Iain Martin, writing in the Daily Telegraph:
The Church of England’s Archbishops’ Council, headed by Dr Rowan Williams, the Archbishop of Canterbury and Dr John Sentamu, the Archbishop of York, has made a submission on Europe to the Foreign Affairs select committee.
It urges the Government to be more constructive and positive in its attitude to the EU, and warns that David Cameron’s “veto” last December cost the UK credibility. Leaving the EU would be a “travesty”, they claim. Quite a lot of Britons now disagree and think that leaving would be rather a good idea. But the Archbishops explain that they are speaking out because the C of E is “by virtue of its history a European Church”.

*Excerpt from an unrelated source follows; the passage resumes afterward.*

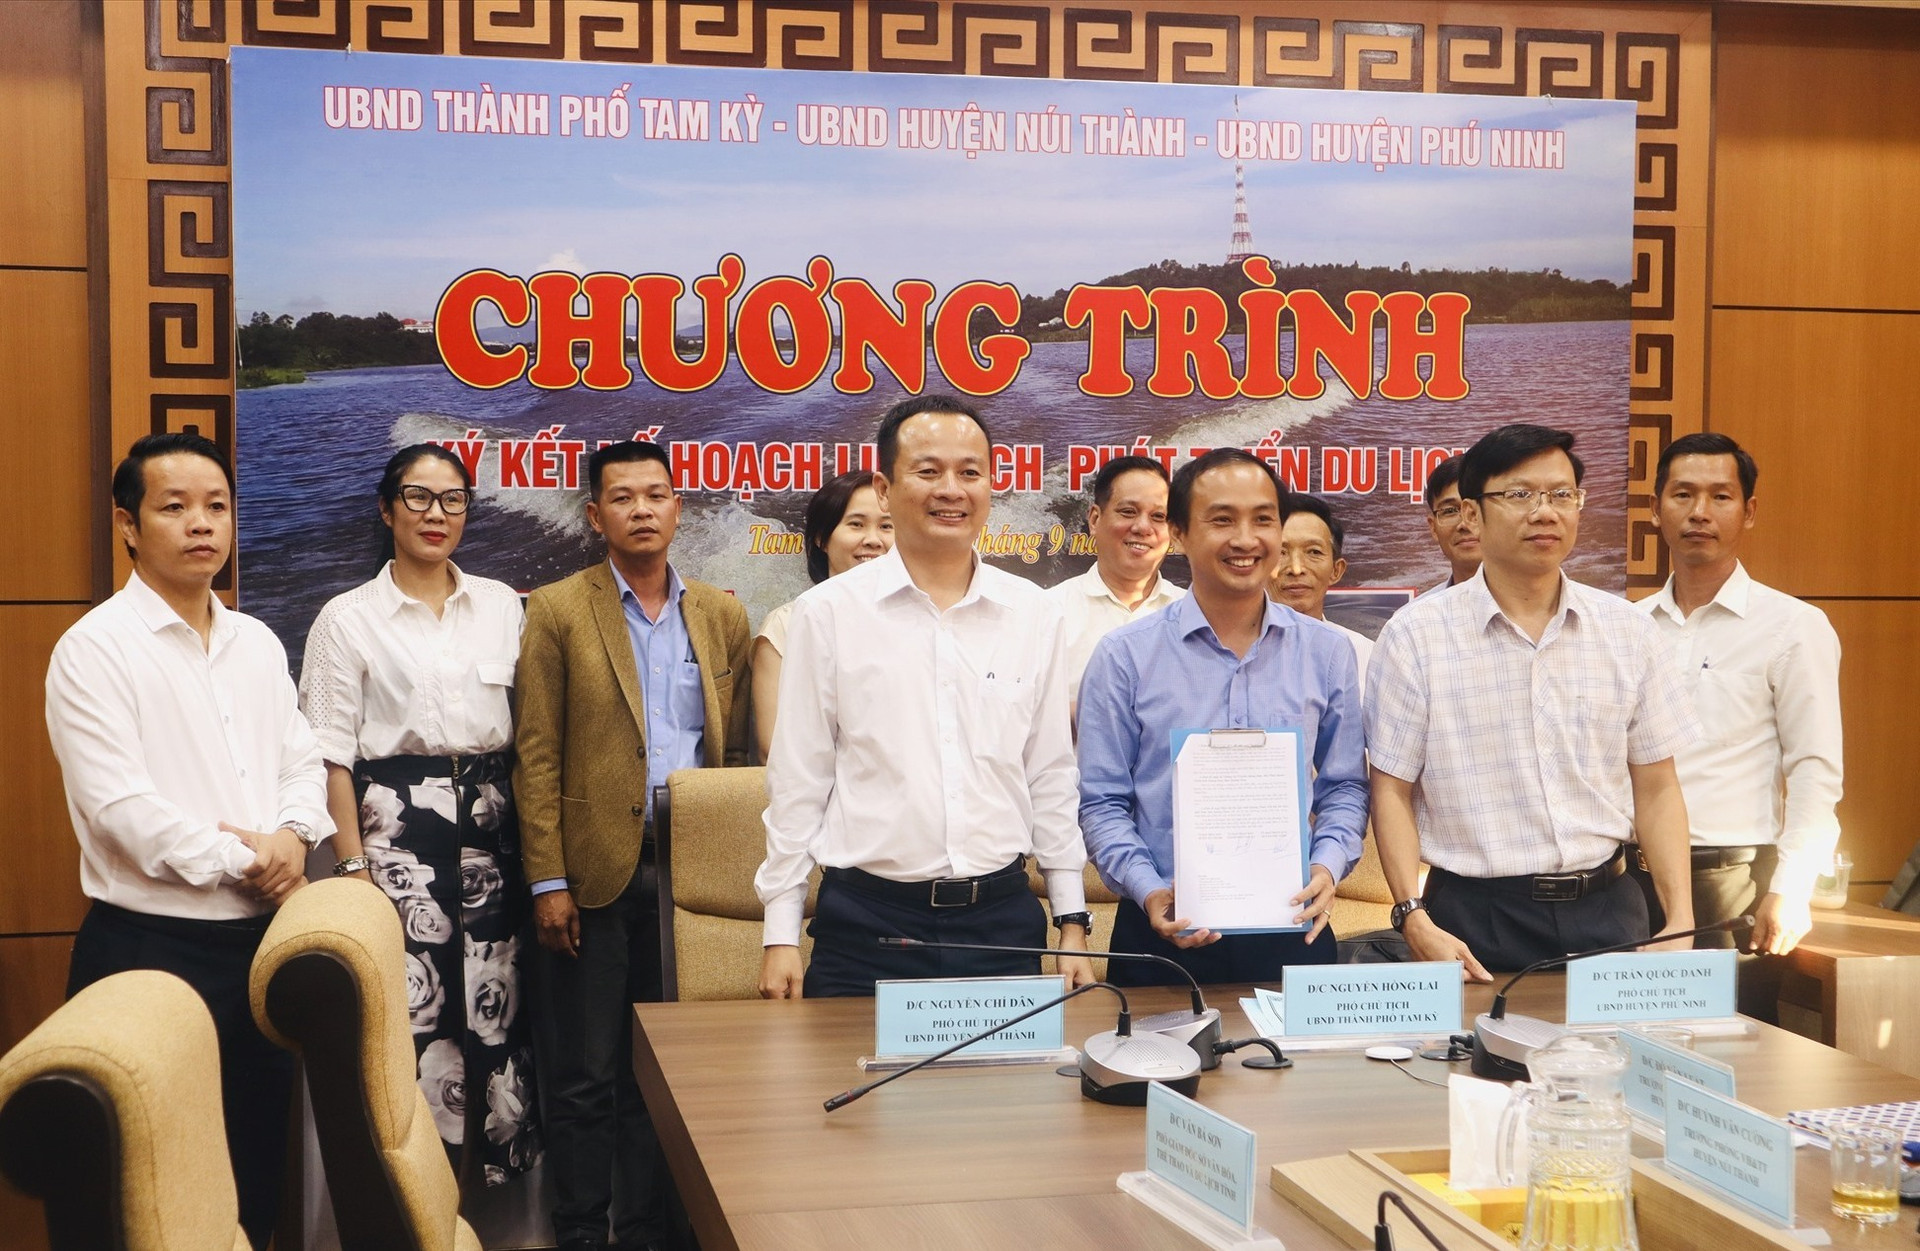 Lãnh đạo 3 địa phương Tam Kỳ - Núi Thành - Phú Ninh ký kết hợp tác phát triển du lịch. Ảnh: Q.T

Good grief. If the Church of England doesn’t even understand the circumstances of its birth, then how can it expect anyone else to care about what it says?
Quite.
The British politician, Enoch Powell, a British politician who took the role of the Church of England (if not necessarily either its beliefs or its clergy) very seriously, would have been unsurprised by the invincible ignorance of these archbishops.
Here’s what he had to say back in 1972:
The relevant fact about the history of the British Isles and above all of England is its separateness in a political sense from the history of continental Europe…When Henry VIII declared that ‘this realm of England is an empire (imperium) of itself’, he was making not a new claim but a very old one; but he was making it at a very significant point of time. He meant—as Edward I had meant, when he said the same over two hundred years before—that there is an imperium on the continent, but that England is another imperium outside its orbit and is endowed with the plenitude of its own sovereignty. The moment at which Henry VIII repeated this assertion was that of what is misleadingly called ‘the reformation’—misleadingly, because it was, and is, essentially a political and not a religious event.
That’s true, if one considers that Powell was writing in an English context: Henry went to his deathbed considering himself a good Catholic. His dispute with Rome was not over theology, but power. Henry wanted more of the latter (and Anne Boleyn too) but the underlying (and ultimately more important) question was whether England should be governed by English laws or those of some alien authority. Henry VIII, quite correctly, if for self-interested reasons, said that the law begins at home.
Back to Powell…
The whole subsequent history of Britain and the political character of the British people have taken their colour and trace their unique quality from that moment and that assertion. It was the final decision that no authority, no law, no court outside the realm would be recognized within the realm. When Cardinal Wolsey fell, the last attempt had failed to bring or keep the English nation within the ambit of any external jurisdiction or political power: since then no law has been for England outside England, and no taxation has been levied in England by or for an authority outside England—or not at least until the proposition that Britain should accede to the Common Market [the future EU].
That was not something that Thomas Becket (not so surprisingly a traitor in the view of both Henry VIII and Charles I—the last Anglican saint) would have understood or appreciated, so good riddance to him. But Becket was at least Archbishop of Canterbury nearly four centuries before Henry VIII declared England’s independence.He has an excuse, of sorts. The current Archbishop, Rowan Williams, does not. The explanation for what he has said about Europe rests, as it has done so often throughout his disreputable and unpleasant career, in his willingness to put ill-thought, but fiercely-believed, dogma (usually of a leftish variety) before honesty. His upcoming resignation cannot come soon enough.